The church has long taught that education is more than economic mobility. It is an investment in human flourishing. It develops character and enables individuals to contribute more fully to the common good.

That is why Christian colleges, universities, and schools have existed for centuries. Education is not merely about earning a living; it is about becoming the kind of person capable of serving one’s neighbor.

This debate is also personal for Latino evangelicals. Our churches are filled with young people who have grown up reciting the Pledge of Allegiance, volunteering in food pantries, serving on worship teams, mentoring younger children and dreaming about becoming the first in their families to earn a college degree.

When we tell those students they no longer belong in our classrooms, we communicate something far more damaging than a policy preference. We communicate that hard work has limits. That character has conditions. That opportunity depends less on what they have done than on circumstances they never chose.

Florida is better than that.

We can uphold the rule of law while expanding opportunity. We can have secure borders while investing in students who have grown up in our communities. We can insist on accountability without extinguishing hope.

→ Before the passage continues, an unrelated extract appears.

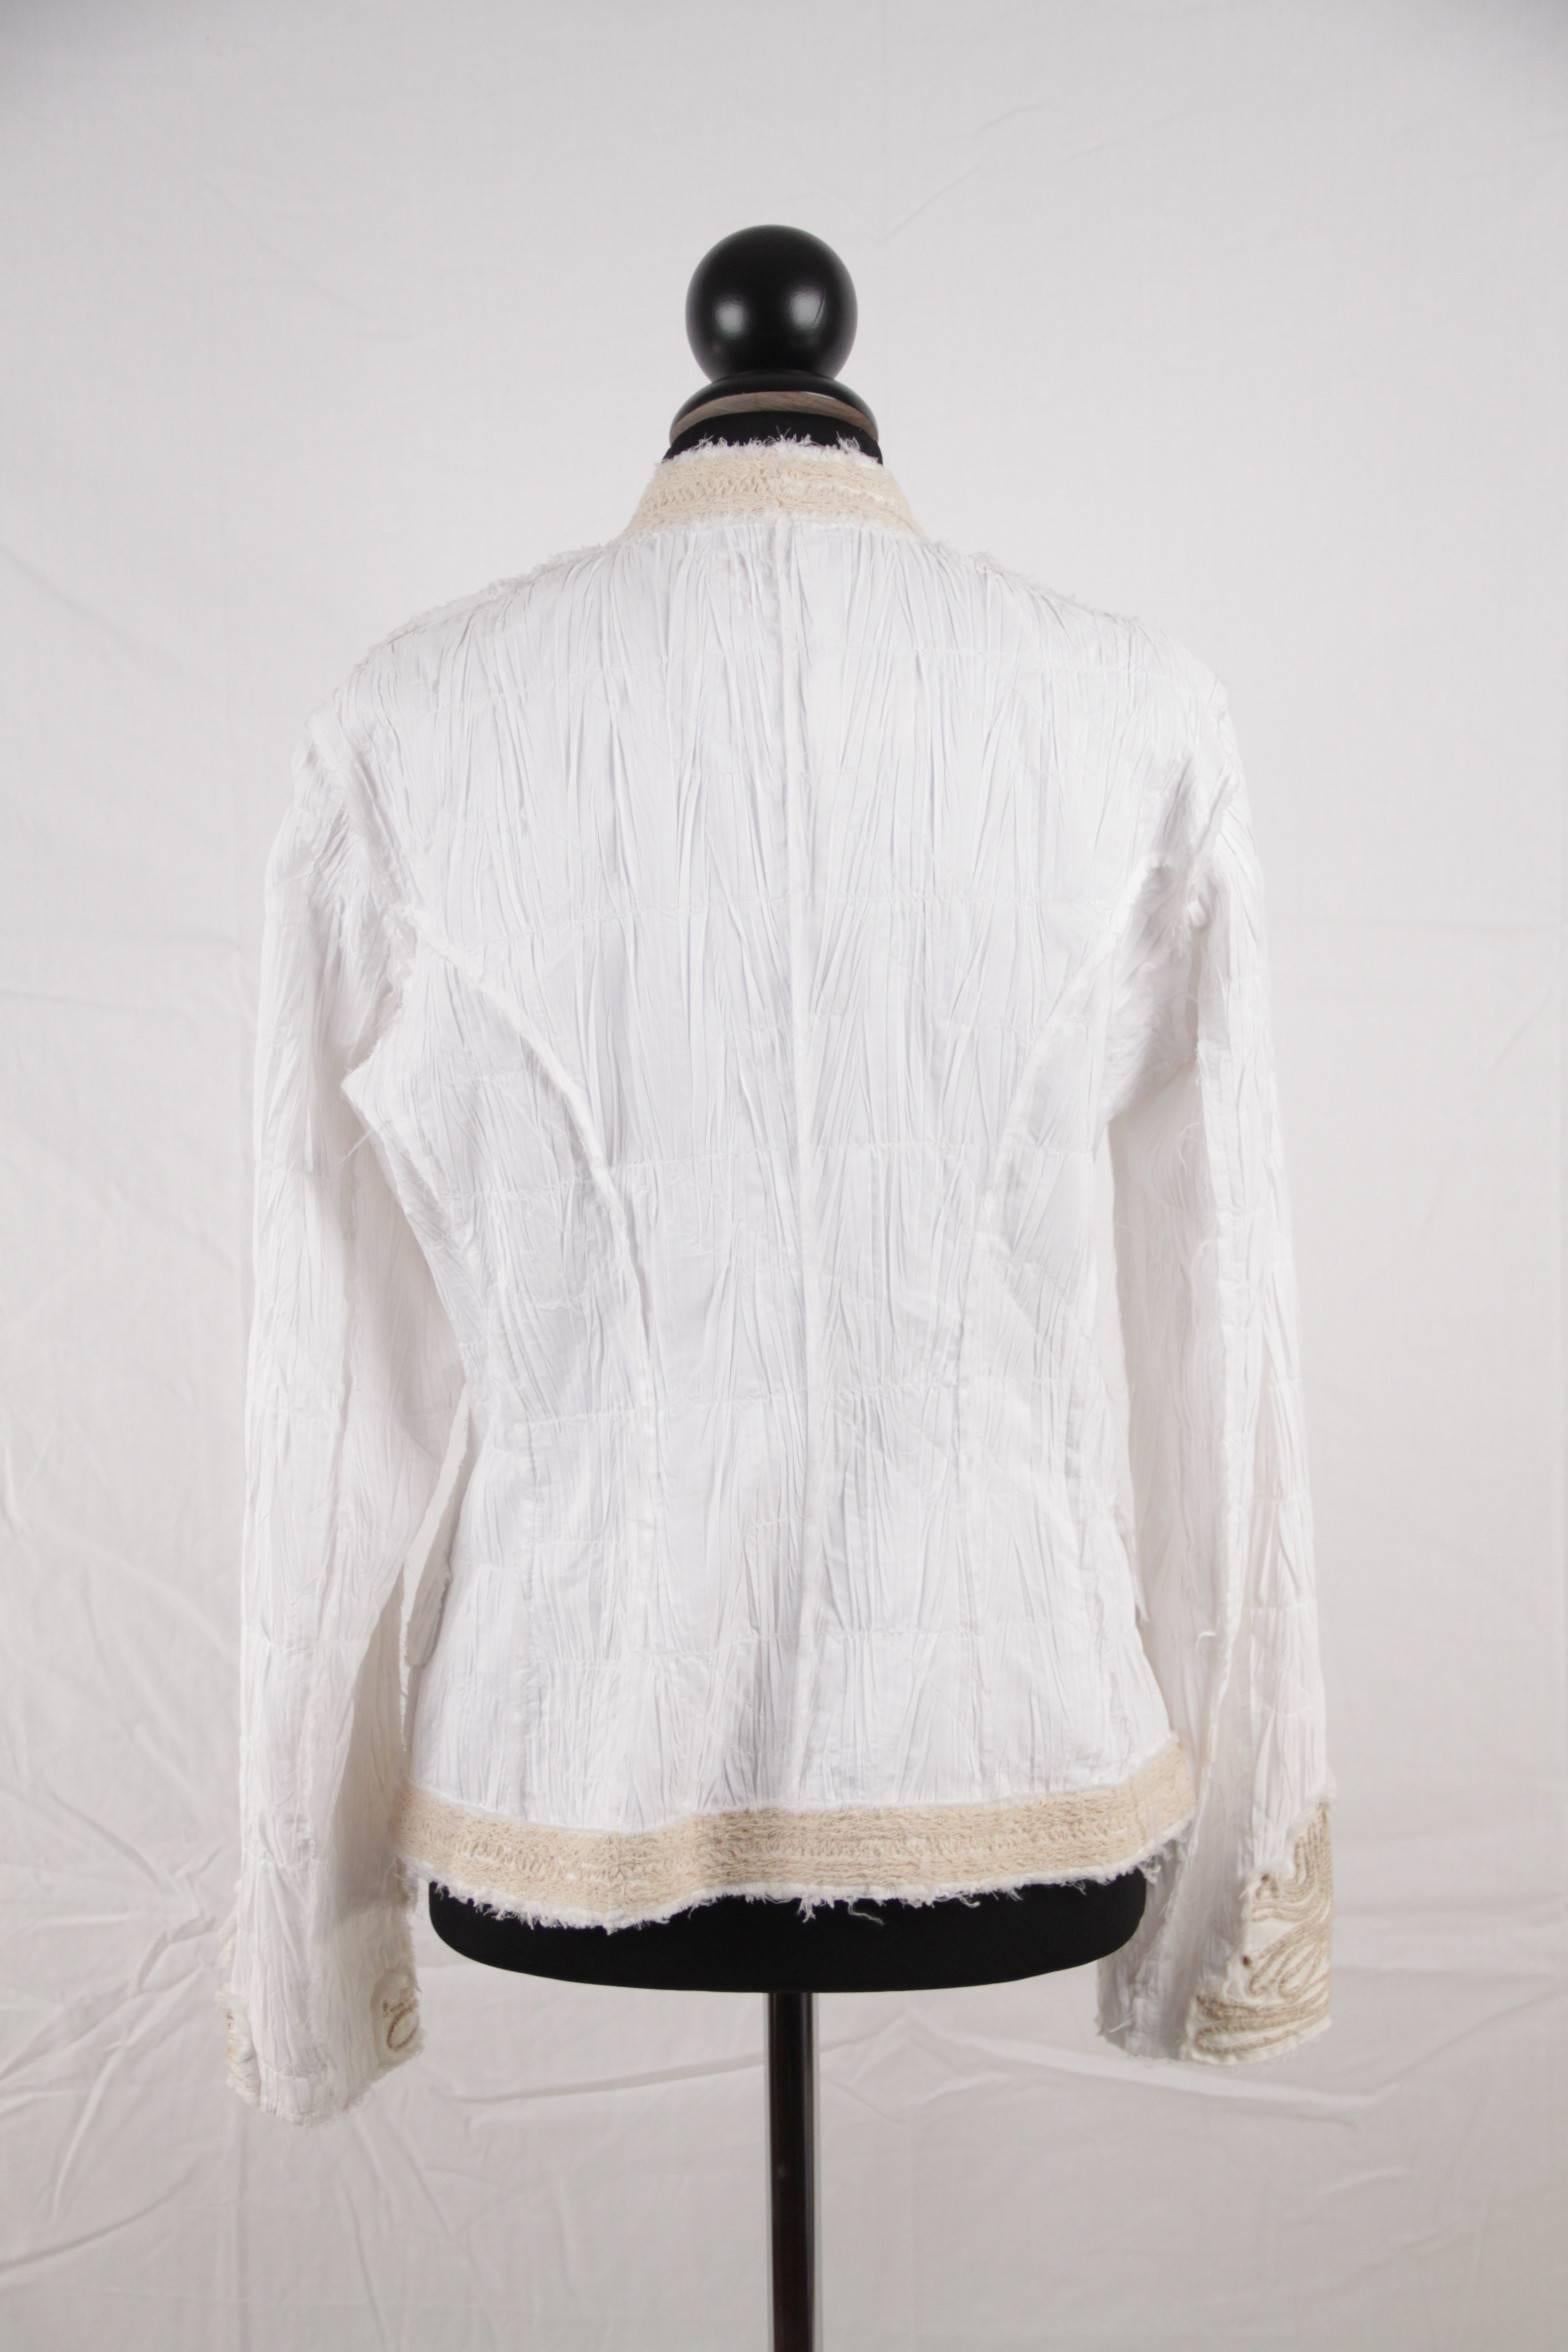 ERMANNO DAELLI White Crinckled COLLARLESS JACKET w/ Embroidery SIZE 44 2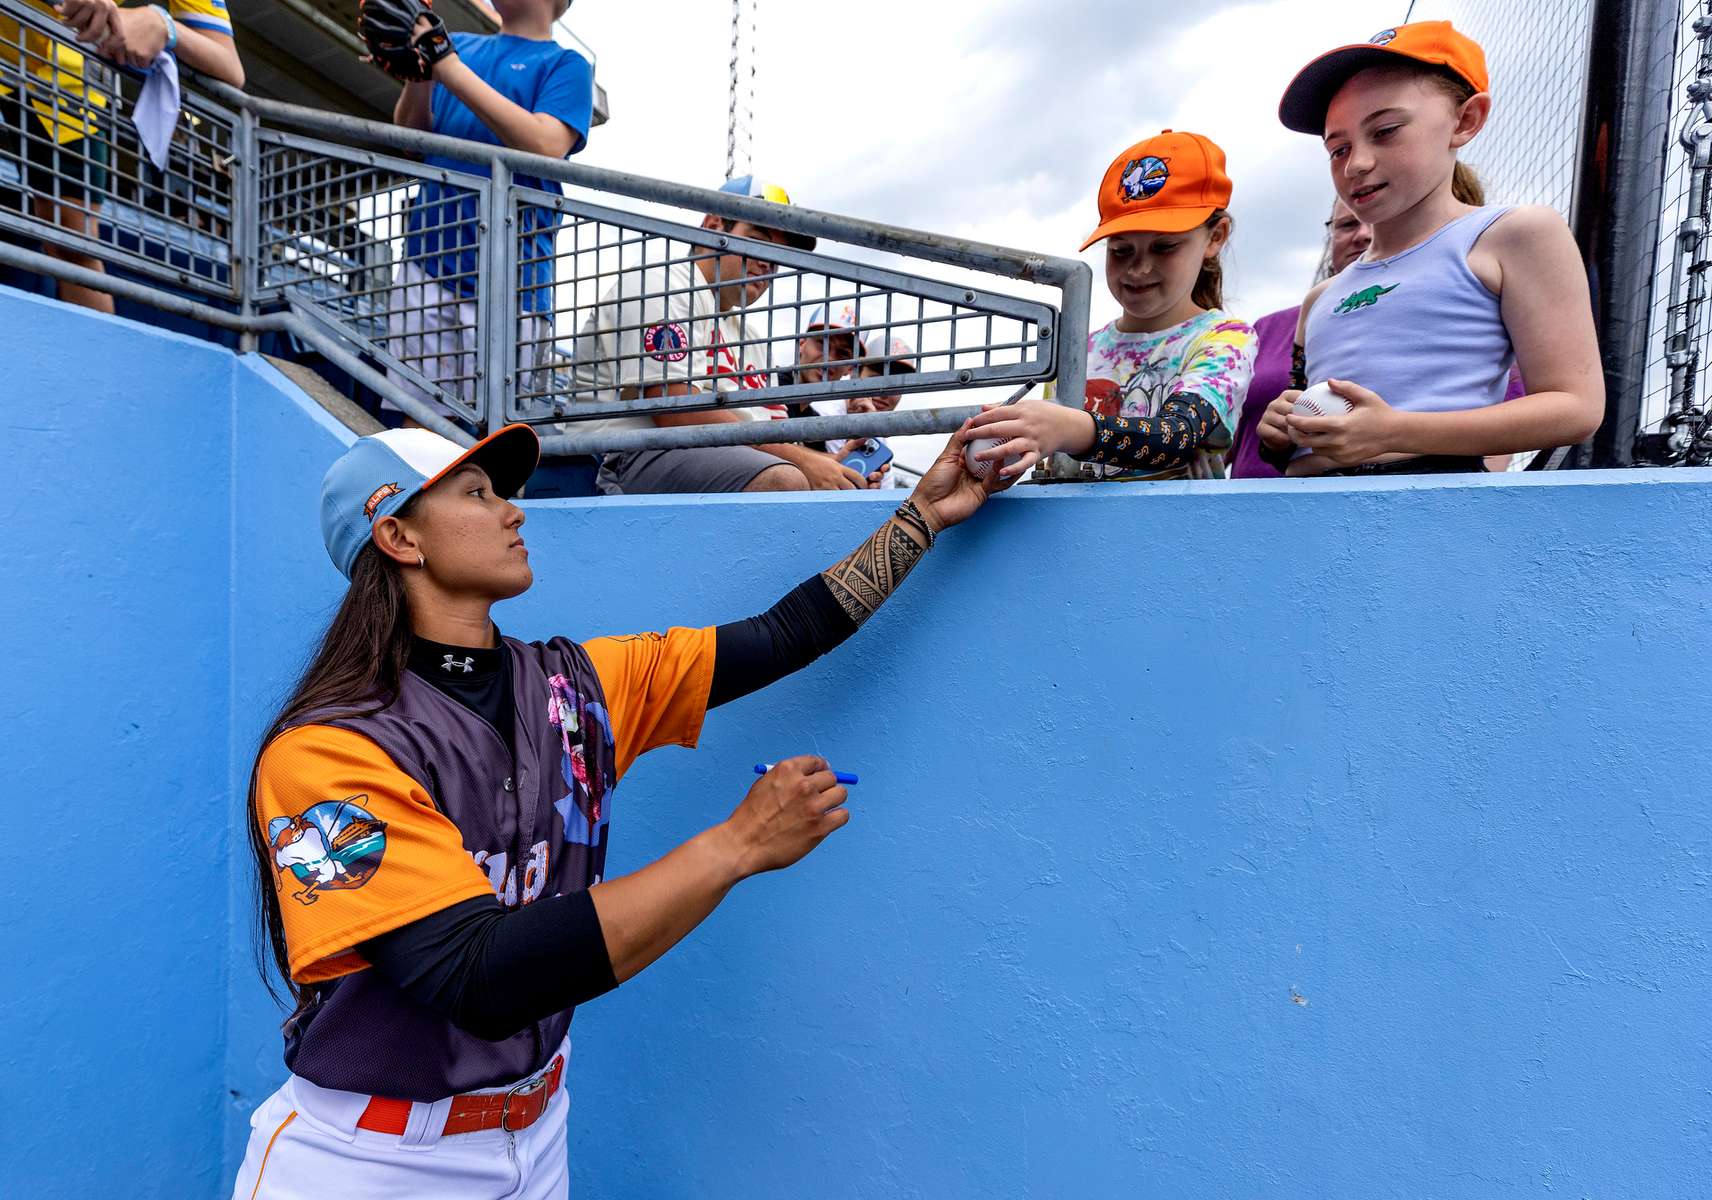 Kelsie Whitmore signs autograph before her game against the Charleston Dirty Birds at Richmond County Bank Ballpark on July 08, 2022 in Staten Island, New York.  Whitmore was the first woman to appear in the starting lineup in an Atlantic League game.  Her debut in the Atlantic League was a pinch runner on April 22, and became the first woman to start an Atlantic League game on May 1,  playing as a left fielder.  On May 4, she became the first woman to pitch in an Atlantic League game.

Those are not competing values. They are the very qualities that have long made Florida a place where families come to build a better future.

Our colleges should remain places where talent is cultivated, dreams are refined, and future leaders are prepared — not places where doors are closed on students who have already spent most of their lives calling Florida home.

The measure of a state is not simply how well it enforces its laws. It is whether it leaves the next generation better prepared to build the future.

Florida should choose to keep that door open.

Rev. Dr. Gabriel Salguero is president of the National Latino Evangelical Coalition (NaLEC) and pastor of The Gathering in Orlando.